Data extract -
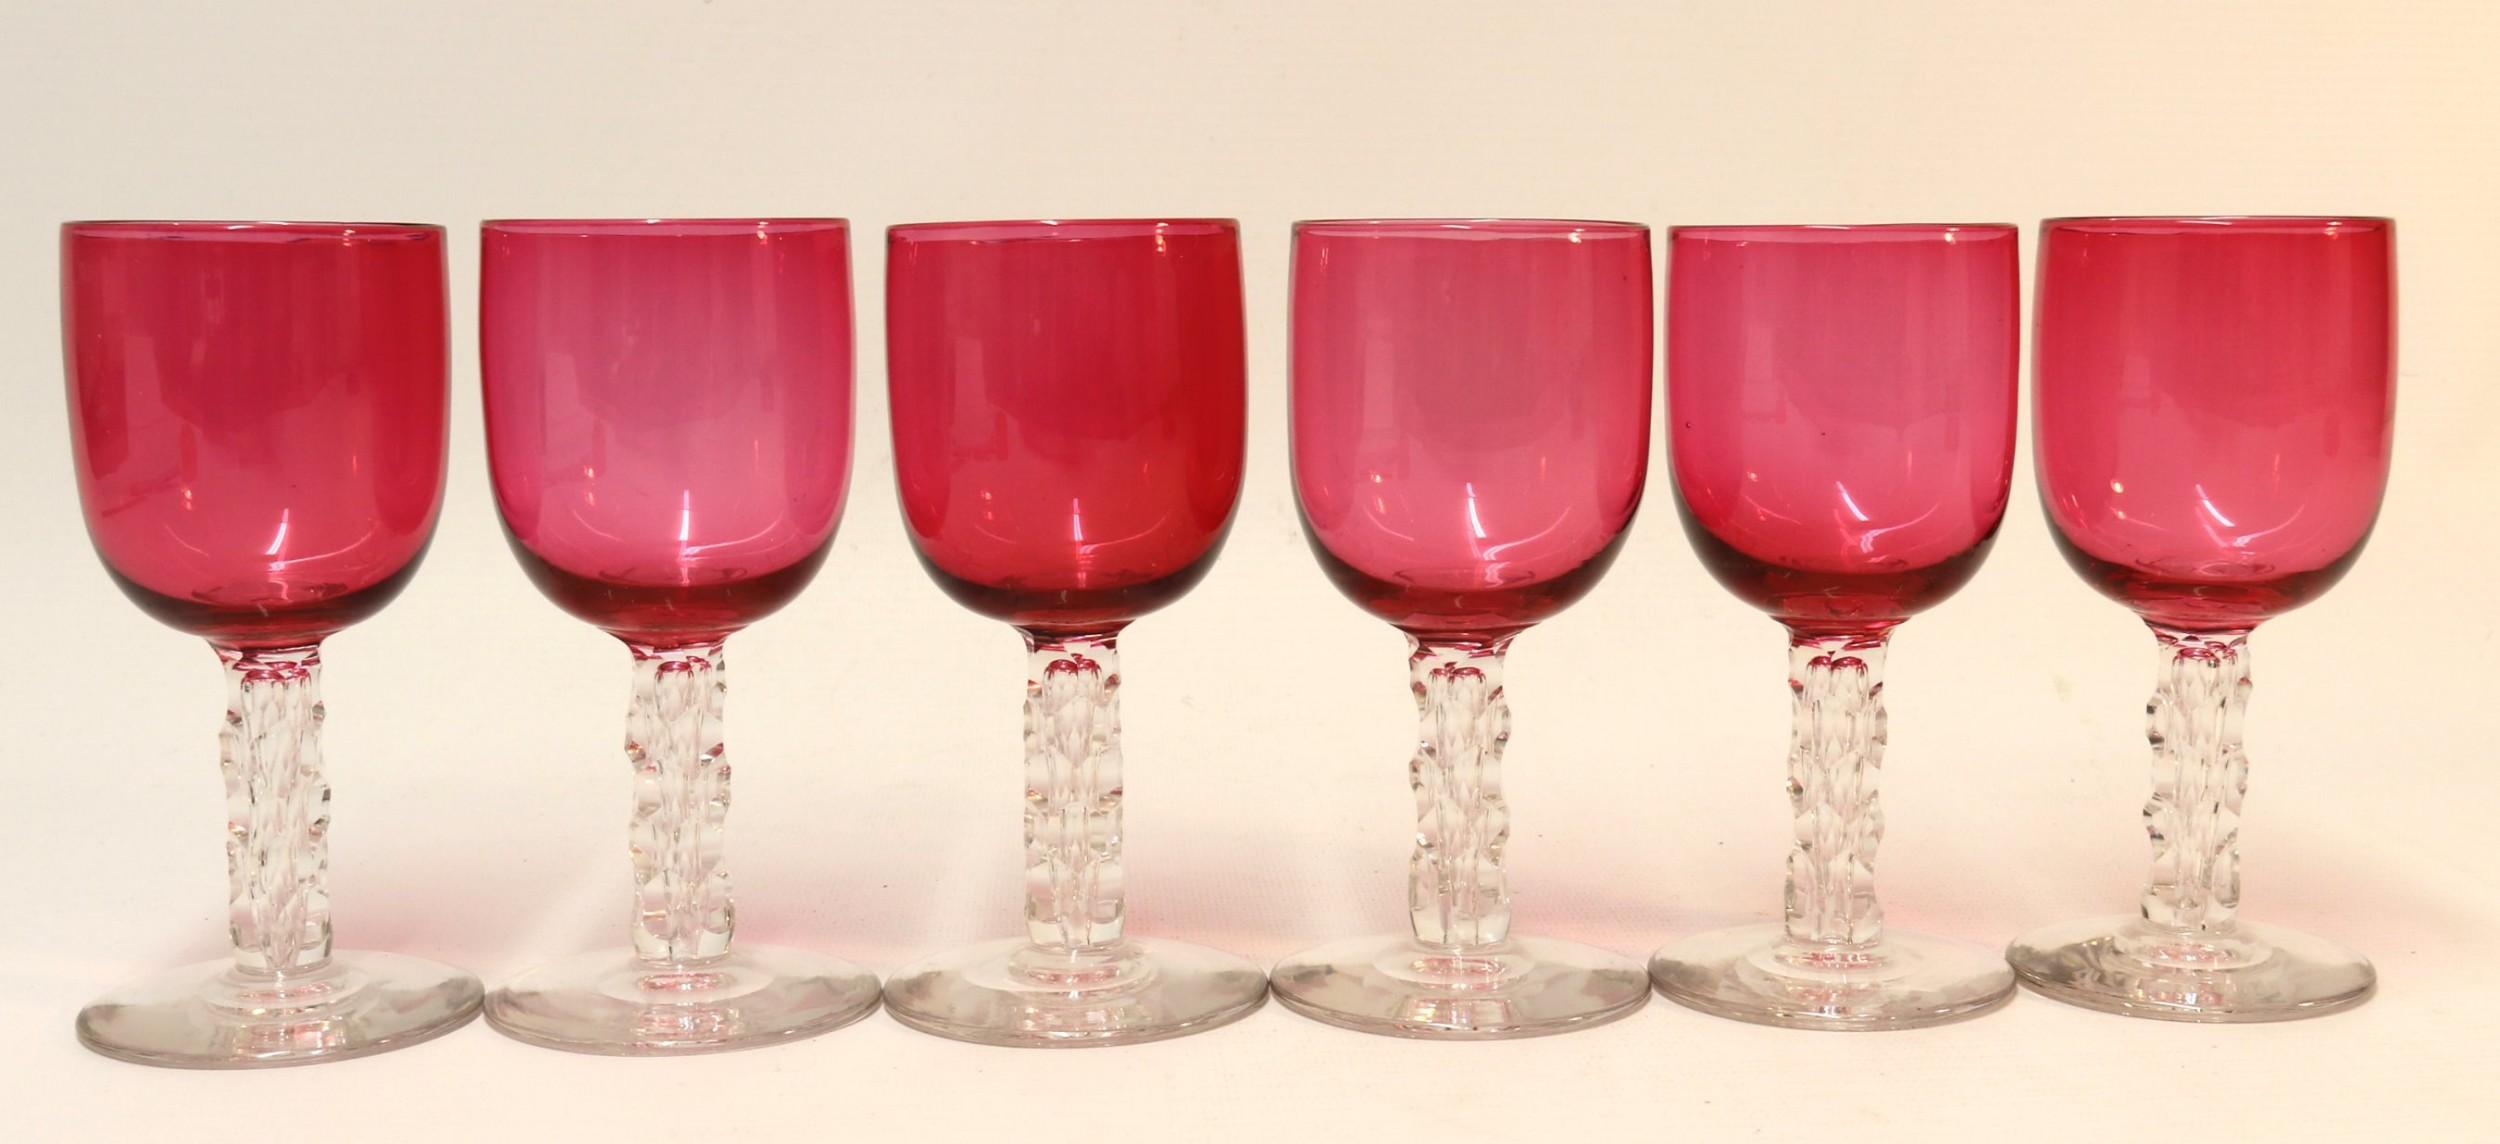 A set of six elegant Victorian goblets with ruby glass bowls on clear cut glass stems and foot.
These goblets are in perfect condition.
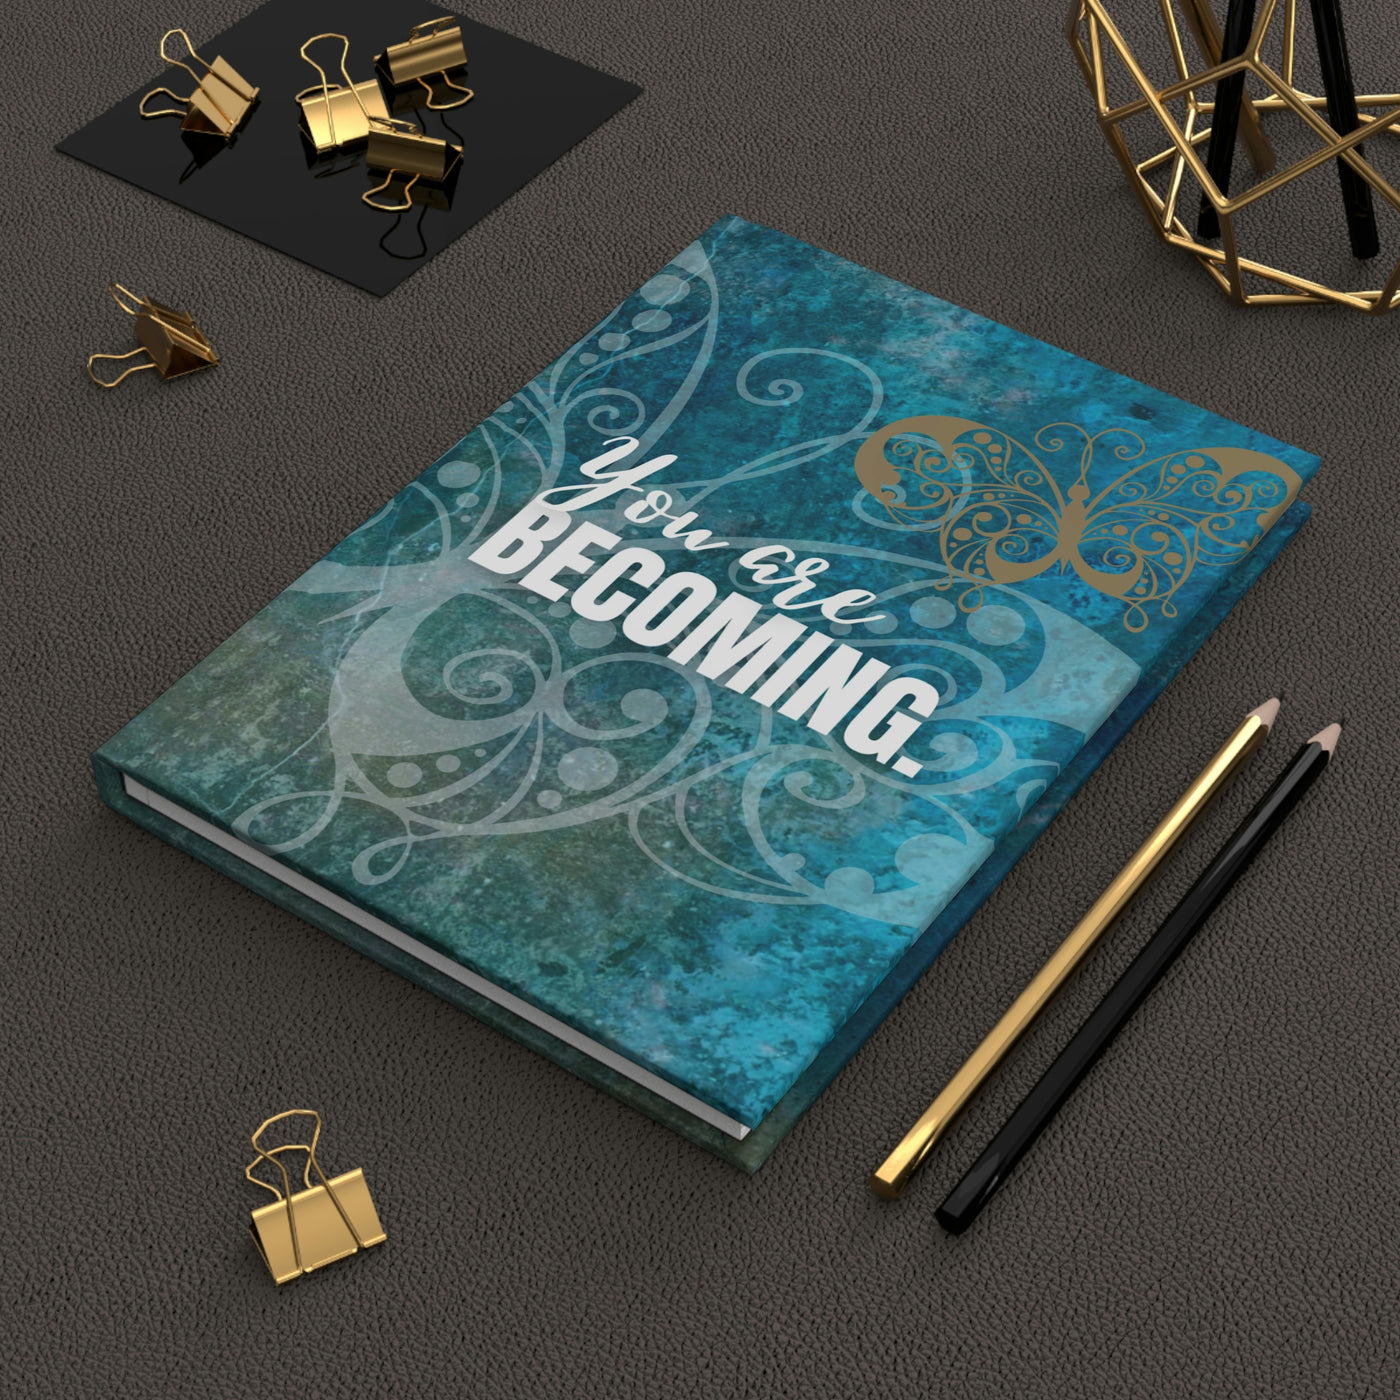 Butterfly/Becoming Journal - Hardcover

Assignment -
Take the line containing "These goblets are in perfect condition." through the last line of the material and retype exactly those lines, both ends included, with no pictures.

Result of this task -
These goblets are in perfect condition.
 Butterfly/Becoming Journal - Hardcover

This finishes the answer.